带你一步步完成经典FPN网络复现【小白友好】

★★★ 本文源自AlStudio社区精品项目,【点击此处】查看更多精品内容 >>>

如果你还不会自己搭建网络,那这个项目一定是一个让你打基础的好项目!

本文想要复现的是经典的FPN网络,特征图金字塔网络FPN(Feature Pyramid Networks)是2017年提出的一种网络,FPN主要解决的是物体检测中的多尺度问题,通过简单的网络连接改变,在基本不增加原有模型计算量的情况下,大幅度提升了小物体检测的性能。

论文:

Feature_Pyramid_Networks_CVPR_2017_paper

卷积网络中,深层网络容易响应语义特征,浅层网络容易响应图像特征。然而,在目标检测和图像分割中往往因为卷积网络的这个特征带来了不少麻烦:

高层网络虽然能响应语义特征,但是由于Feature Map的尺寸太小,拥有的几何信息并不多,不利于目标的检测;浅层网络虽然包含比较多的几何信息,但是图像的语义特征并不多,不利于图像的分类。这个问题在小目标检测中更为突出。

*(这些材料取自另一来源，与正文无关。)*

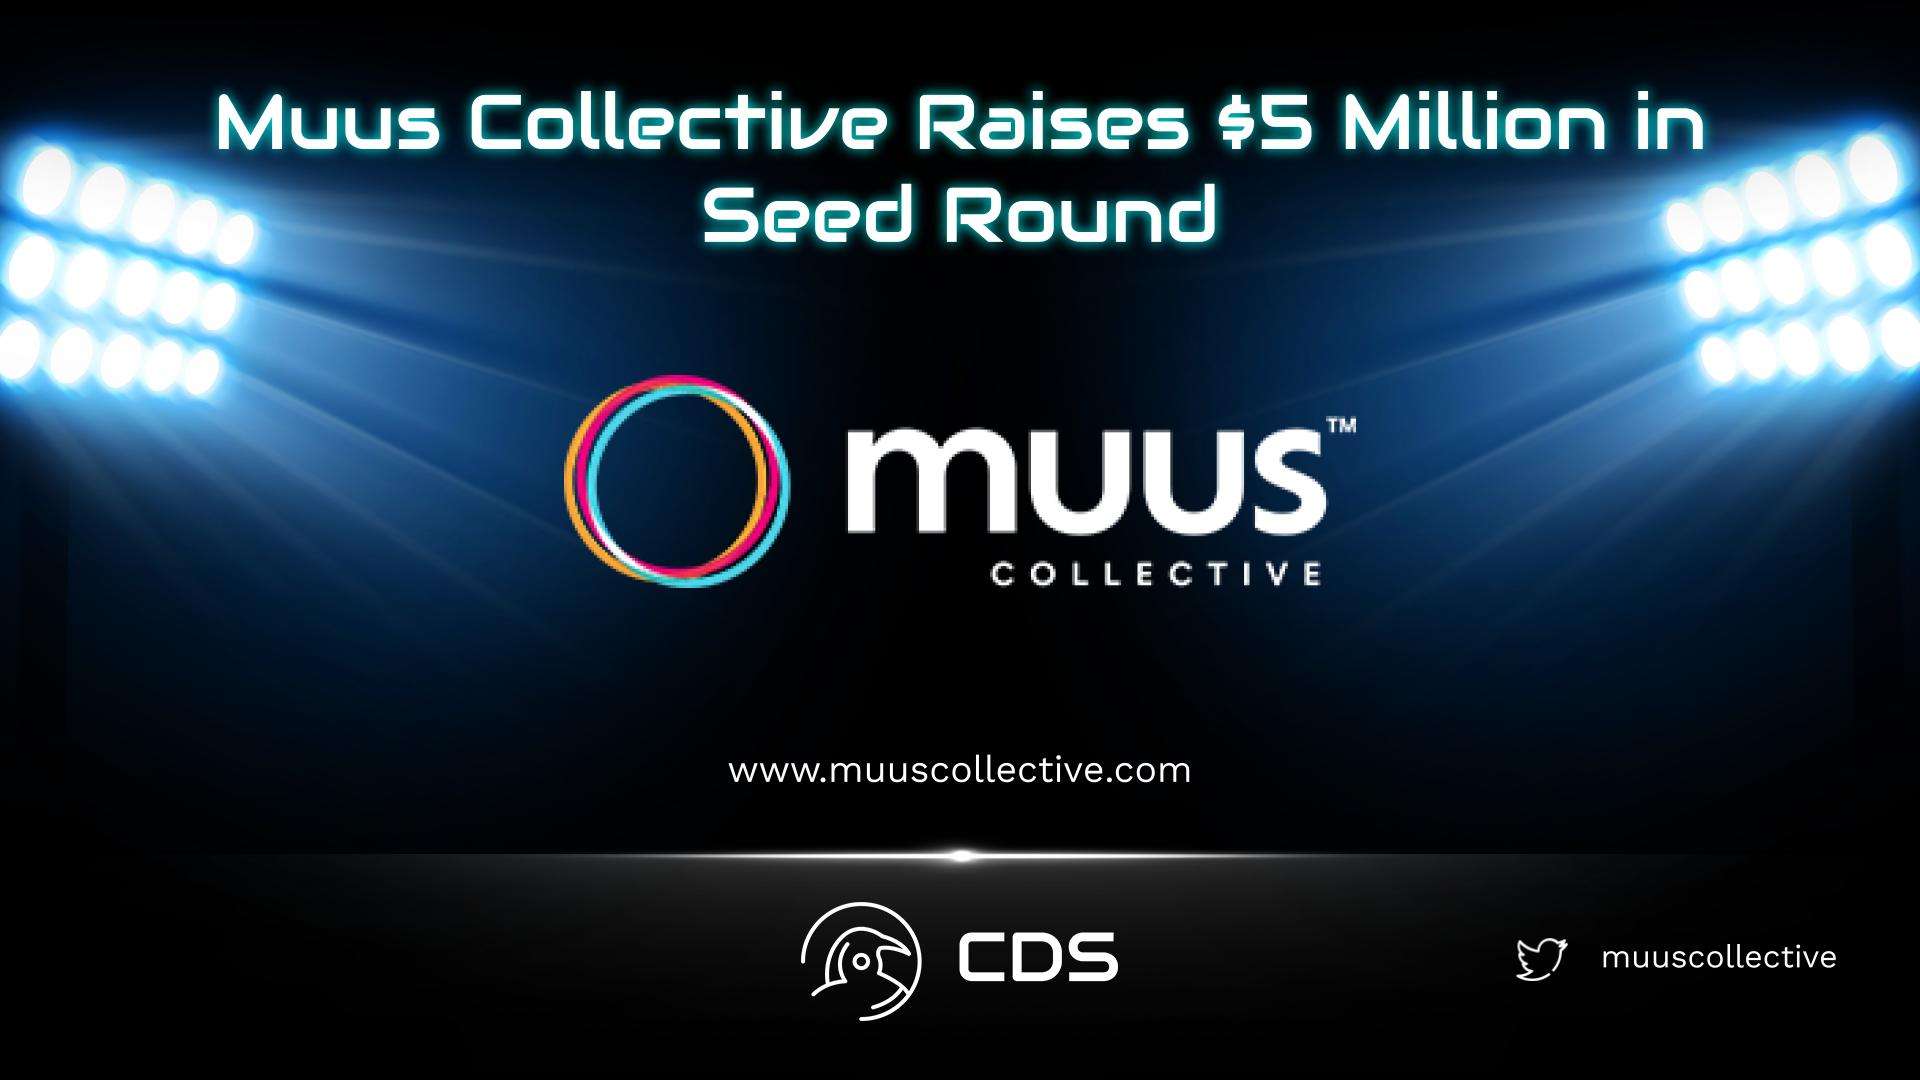 Muus Collective Raises $5 Million in Seed Round

这里先直接放上作者原文中的,网络演变图,大家就能看出来他清晰的实现过程:

简而言之就是:单尺度到多尺度再到多尺度融合

(了解YOLOV5的可能就会发现,这玩意跟YOLOV5怎么一个D样)

再看一下具体的图:

代码复现

知道了模型结构图,那下面就可以开始一步步的复现了

经过了解,FPN一般不会作为单独的网络出现使用,都会借助ResNet作为backbone,根据此我做了如下的图片

(图片请勿直接copy使用)

仔细看上面的网络结构,我把他分为三大结构:

  1. 获取resnet的四个输出
  2. 通道转换 C -> 256
  3. 特征融合

那我们进行代码复现的时候,自然也需要这三个大块来完成。

1. ResNet的四个输出

resnet目前已经是一个非常常用的网络结构了,我这里直接从paddle的源码中找出了他的实现,并做了一定的简化和适配修改。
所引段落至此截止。